MiFID II is a major factor when it comes to top tech investment priorities in 2018 and investment in reporting technology is more popular than automation, according to a survey of European trading heads.
TradeTech and WBR Insights ‘More views from the city’ survey revealed that analytics and data management tools are the most popular technology investments over the next 12 months for 85% of European Heads of Trading – a trend driven by MiFID II reporting and transparency requirements.
As a result of the increasing cost of compliance caused by MiFID II, budgetary restraints (62% of respondents) and platforms not offering value for money (61% of respondents) are the greatest barriers to equity traders adoption of new technologies.

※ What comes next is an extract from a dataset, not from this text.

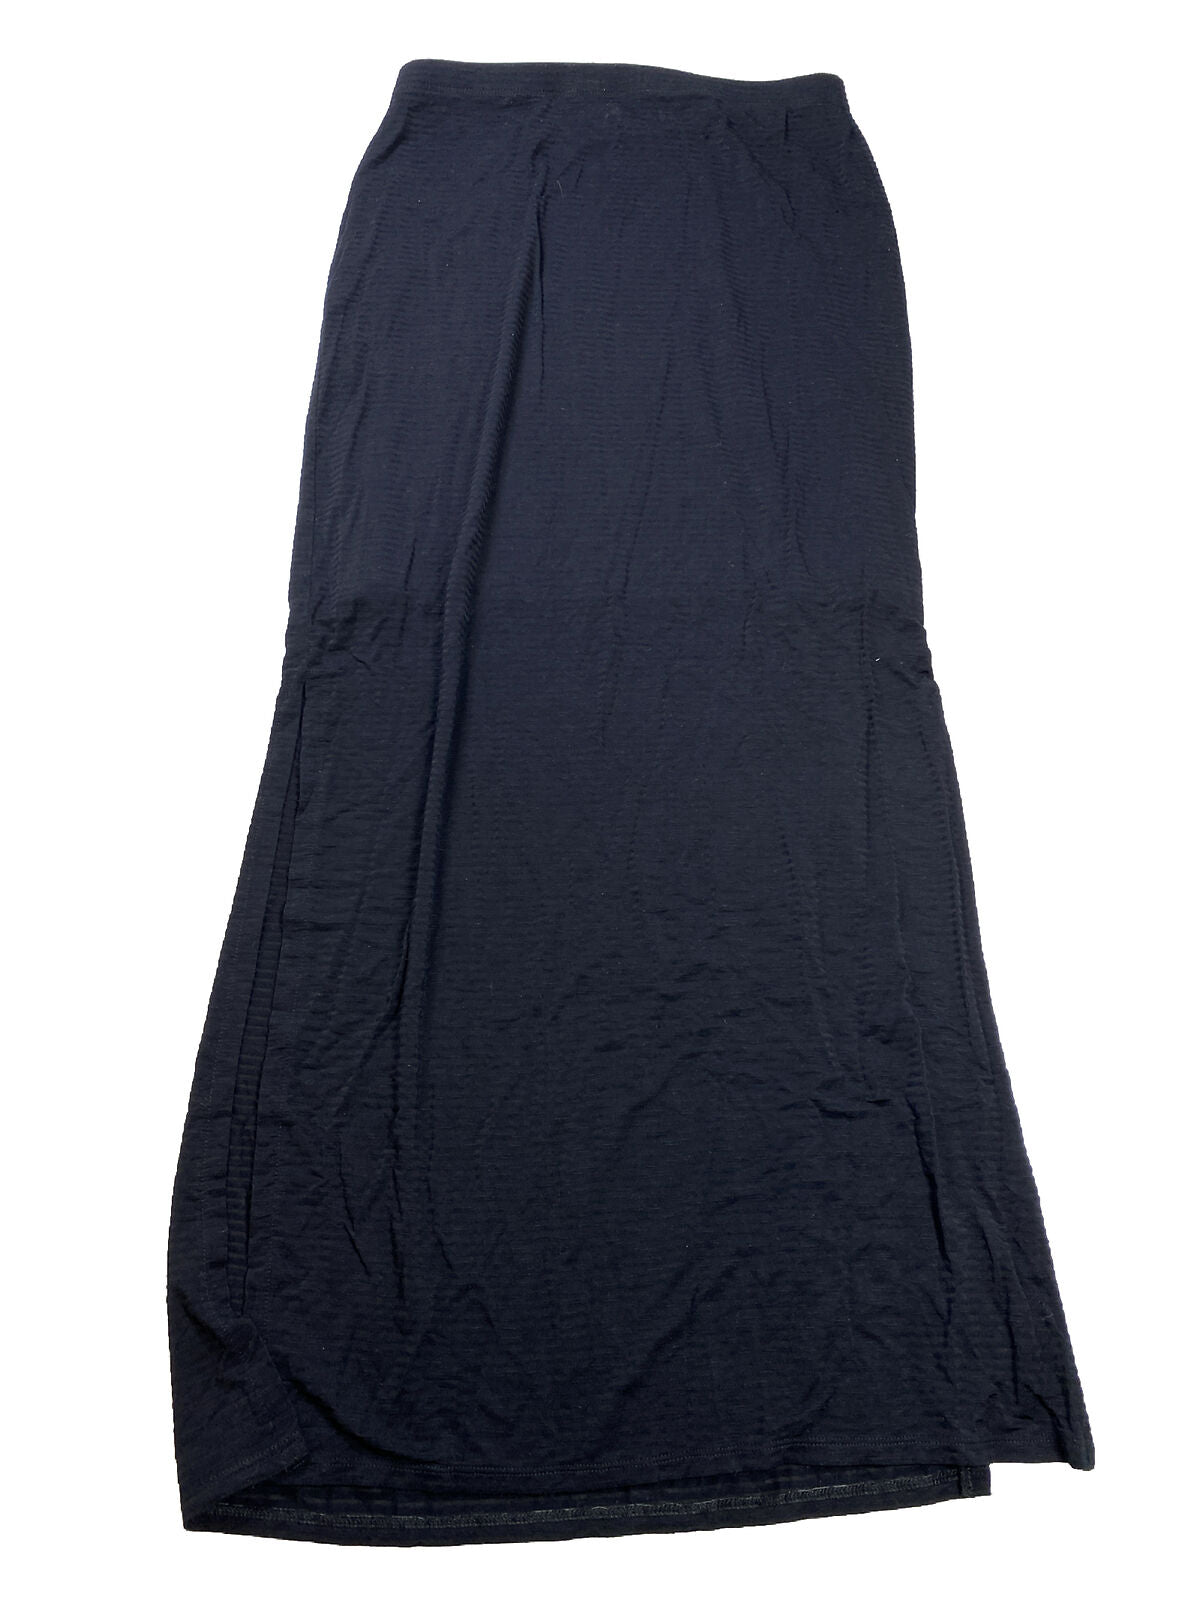 White House Black Market Women's Black Shadow Maxi Skirt - XS

In response to these growing costs, all survey respondents stated they intend to consolidate solutions and 68% intend to outsource more technology to access liquidity and better technology to third-party venues and vendors.
The report also reveals:
- 53% of respondents stated that the biggest challenge they are experiencing with trading platforms is being unable to work cross-asset, closely followed by 50% responding that it is platforms providing inconsistent data.
- The biggest challenge in sourcing liquidity is poor algo performance (31% of respondents), followed by the inability to find counterparts that will trade blocks (20% of respondents).
- Behind analytics and data management tools, automation is the second most popular area of technology investment over the next 12 months (63% of respondents).
The report surveyed 100 heads of trading in the UK, France, Germany and the Nordics.